Endocrinology and Diabetes Mellitus

Endocrinology deals with diseases affecting the endocrine glands.

Overview

Endocrinology deals with diseases affecting the endocrine glands. This includes thyroid disease, adrenal disease, reproductive endocrinology, growth disorders, calcium disorders, pituitary disease, water metabolism and pituitary disease in traumatic brain injury.

Endocrinologists need excellent communication and leadership skills. They must coordinate and maintain multidisciplinary networks for managing endocrine diseases and diabetes mellitus; for example, arranging monthly multidisciplinary meetings with surgery, radiotherapy, pathology and radiology for thyroid cancer. The very nature of endocrine diseases (for example, their impact on other organs and systems in the body) means that an endocrinologist must also be a skillful general physician.

Most endocrinologists look after medical inpatients and participate in the acute medical take, offering expertise in areas such as hypoglycaemia, glycaemic control in patients in intensive care and coronary care units, managing diabetic ketoacidosis, and adrenal or pituitary crises. Thanks to advances in the specialty, endocrinology is based mainly in the outpatient department and sees patients from adolescence to old age. There is an increasing trend to develop specialised, multidisciplinary clinics – for example, obstetric medical, or diabetic foot.

New therapeutic avenues are opening up as molecular biology unlocks many of the mysteries of endocrine disease. Doctors who complete Higher Specialist Training in Endocrinology and Diabetes Mellitus may later wish to subspecialise in endocrinology or diabetes mellitus.

Higher Specialist Training (HST)

Requirements

General entry requirements for HST:

  • You must have completed Basic Specialist Training in the relevant specialty (or an equivalent programme) by the start date for HST. Please note that not all BST programmes offer consideration of equivalence. Download guidelines on BST programme equivalence (PDF, 133KB).
  • You must have achieved a relevant postgraduate qualification such as MRCPI in General Medicine, General Paediatrics or Obstetrics and Gynaecology. Please note: we have reverted to the previous regulations regarding the examination which were in place before COVID-19. That is all HST candidates must have successfully passed their MRCPI Clinical Examination relevant to their speciality before their HST interview date.
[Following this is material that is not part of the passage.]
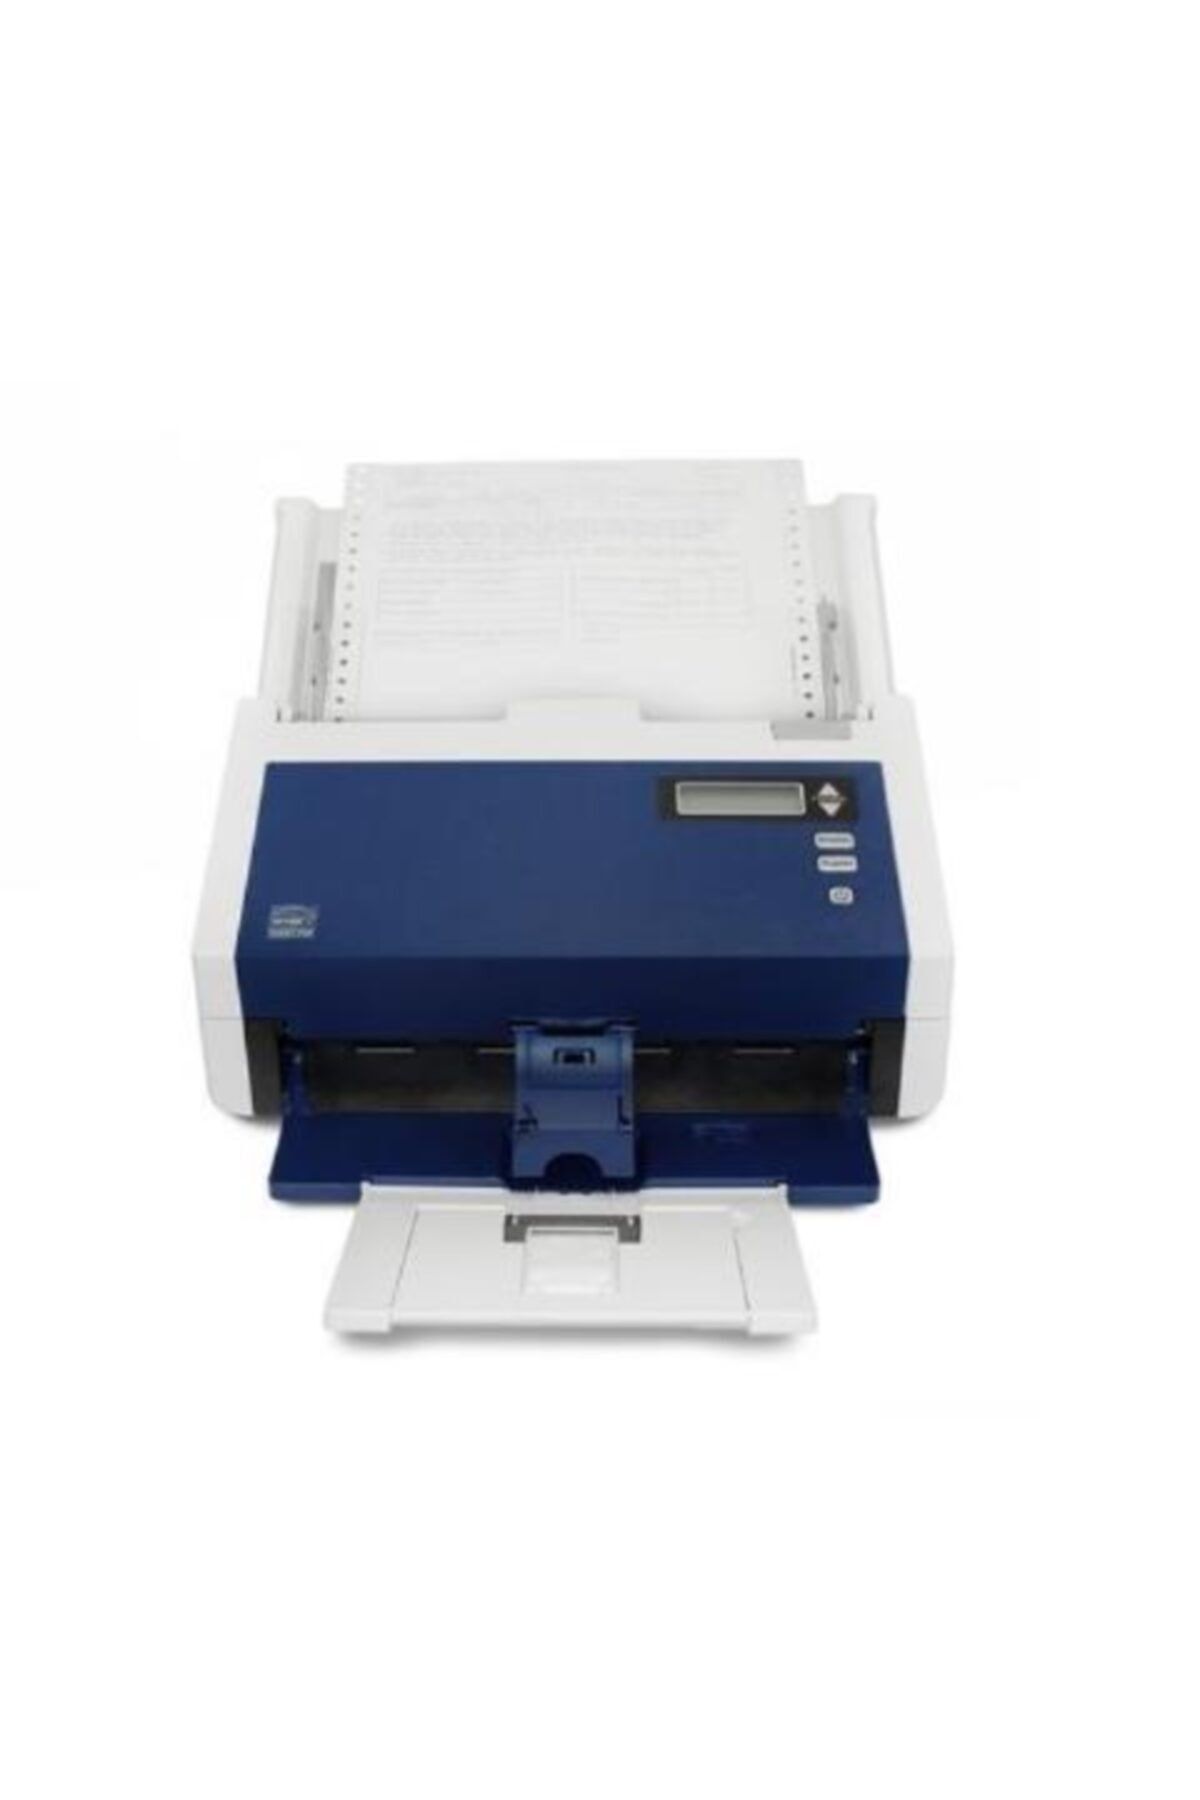 Xerox 100n03218 Documate 6440 A4 Duplex 80 Sayfa Adf 600dpi Usb 2.0 Kimlik Tarama Tarayıcı

There are no exceptions to this requirement.
  • You must be currently or previously registered on one of the divisions of the Irish Medical Council, or provide proof of eligibility for registration.
  • You must have proof of competency in the English language in line with HSE specifications (PDF, 506KB).
  • You must have demonstrated an aptitude for, and an interest in, that specialty.

Places in HST are allocated in the first instance to applicants who, at the time of application, are citizens of Ireland or nationals of another Member State of the European Union, Stamp 4 Visa Holders and UK nationals.